Mistake 3: Failing to get rulings on your evidentiary objections on summary-judgment motions
No matter how well taken your evidentiary objections are, it won’t matter if the trial court does not rule on them. The law places the responsibility for obtaining a ruling on the evidentiary objections on the party making them. If no ruling is made, the objections are deemed waived on appeal. (See, e.g., Demps v. San Francisco Housing Authority (2007) 149 Cal.App.4th 564, 576, 57 Cal.Rptr.3d 204, 212.) The only exception is if the record clearly reflects diligent efforts by counsel to obtain a ruling, and a refusal by the trial court. (City of Long Beach v.

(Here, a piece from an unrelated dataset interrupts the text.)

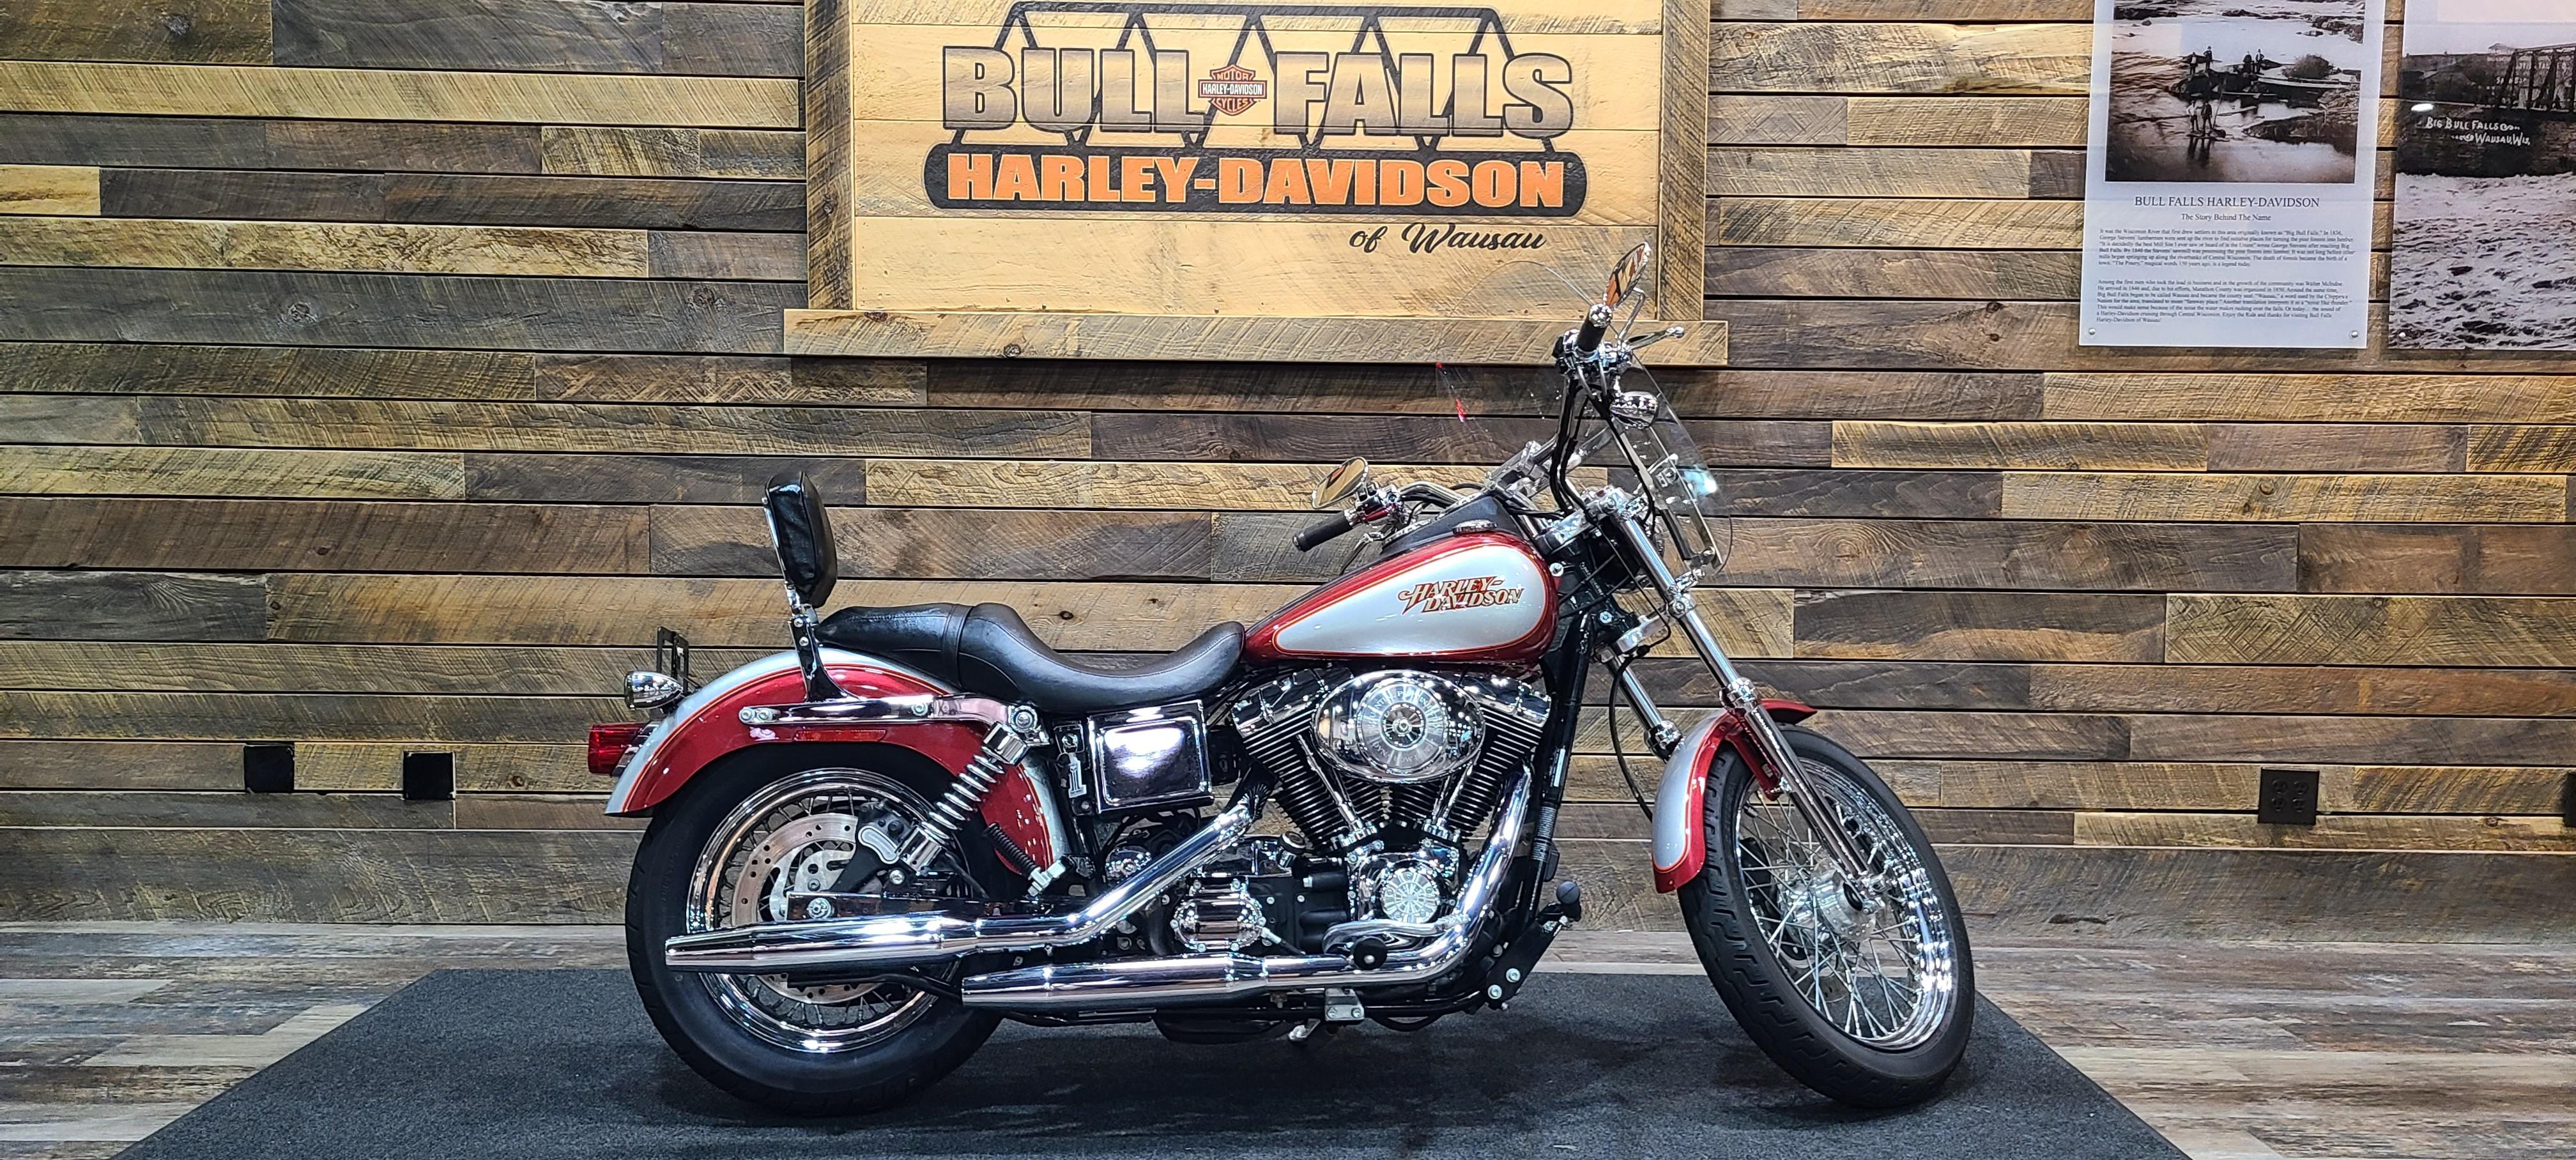 2004 Harley-Davidson Dyna Glide Low Rider at Bull Falls Harley-Davidson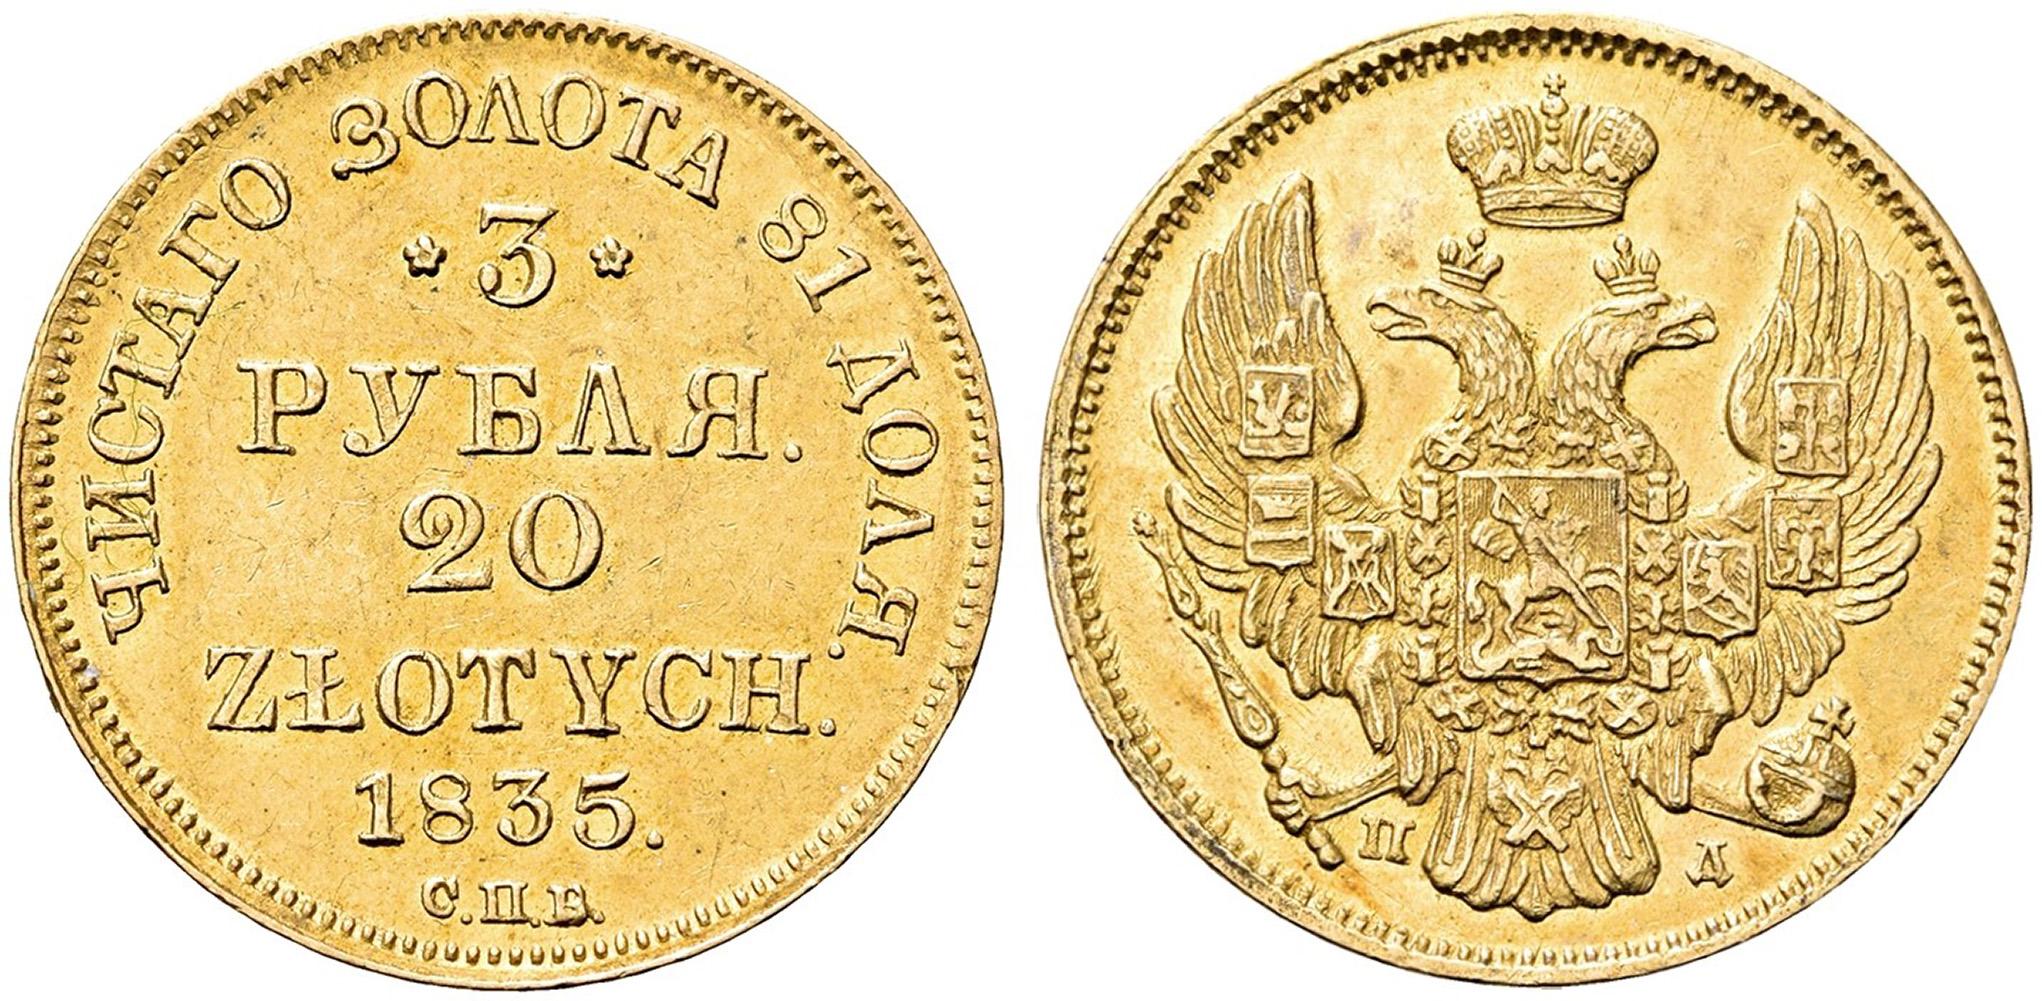 PL 20 Zloty/ 3 Rubles 1835 C.П.Б.

Farmers & Merchants Bank (2000) 81 Cal.App.4th 780, 784-785.)
Mistake 4: Failing to state the proper basis for an evidentiary objection at trial
The trial lawyer must make proper, timely objections to evidence at trial, and where appropriate, move to strike. (Civil Appeals, § 8:270.) The lawyer must obtain a ruling on the objection to preserve the issue for appeal. (Id.) The objection must be made on the proper ground. An objection made on one ground does not preserve other grounds for appellate review. (Wegner, Fairbank, Epstein, et al., California Practice Guide – Civil Trials & Evidence (Rutter 2008 rev.) (“Civil Trials”) § 8:3317.) An objection that offers no legal grounds preserves no grounds for review. (Id., § 8:3319.)